I need help to integrate this particular integral step-by-step. I've been wrestling around with substitution method without any satisfying result. I don't know I'm doing wrong with it.

$\displaystyle \int_{-a}^a \frac{1}{\left(x^2+y^2\right)^{3/2}} \, dy$

This is my attempt:
Let u = $\displaystyle \left(x^2+y^2\right)$
du = $\displaystyle 2y\text{dy}$

Hence:
$\displaystyle \int \frac{1}{\left(x^2+y^2\right)^{3/2}} \, dy \int \frac{u^{-3/2}}{2} \, du \frac{1}{2} \int u^{-3/2} \, du \frac{\frac{1}{\sqrt{u}}}{\frac{2 (-1)}{2}}-\frac{1}{\sqrt{u}}-\frac{1}{\sqrt{x^2+y^2}}-\frac{1}{\sqrt{x^2+y^2}}$
$\displaystyle -\frac{1}{\sqrt{x^2+y^2}}$

Thank You

2. ## Re: Evaluating Irrational Integral

Originally Posted by Lites
I need help to integrate this particular integral step-by-step. I've been wrestling around with substitution method without any satisfying result. I don't know I'm doing wrong with it.
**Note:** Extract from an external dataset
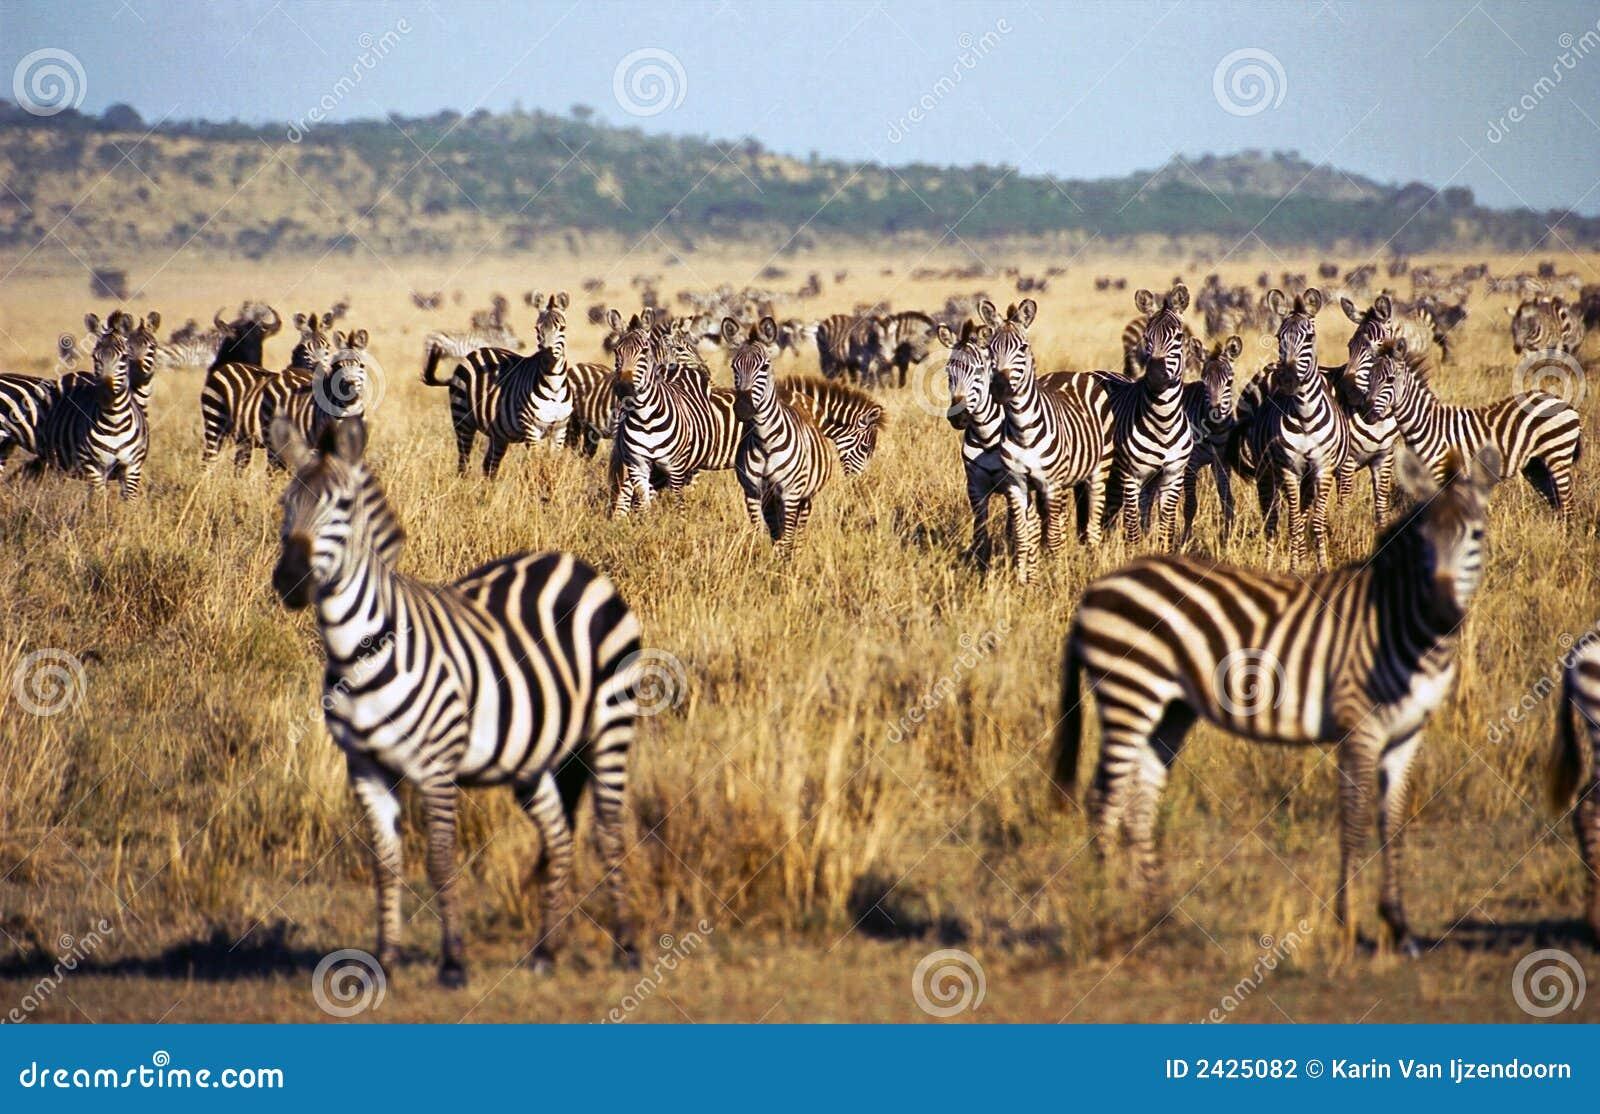 Zebra Herd During Serengeti Migration Stock Photography

$\displaystyle \int_{-a}^a \frac{1}{\left(x^2+y^2\right)^{3/2}} \, dy$

This is my attempt:
Let u = $\displaystyle \left(x^2+y^2\right)$
du = $\displaystyle 2y\text{dy}$

Hence:
$\displaystyle \int \frac{1}{\left(x^2+y^2\right)^{3/2}} \, dy \int \frac{u^{-3/2}}{2} \, du \frac{1}{2} \int u^{-3/2} \, du \frac{\frac{1}{\sqrt{u}}}{\frac{2 (-1)}{2}}-\frac{1}{\sqrt{u}}-\frac{1}{\sqrt{x^2+y^2}}-\frac{1}{\sqrt{x^2+y^2}}$
$\displaystyle -\frac{1}{\sqrt{x^2+y^2}}$

Thank You
note that since $\displaystyle du = 2y \, dy$ , $\displaystyle dy = \frac{du}{2y}$ ... you left out the $\displaystyle y$ in the denominator in your substitution.

try a trig substitution, maybe?

$\displaystyle y = x\tan{t}$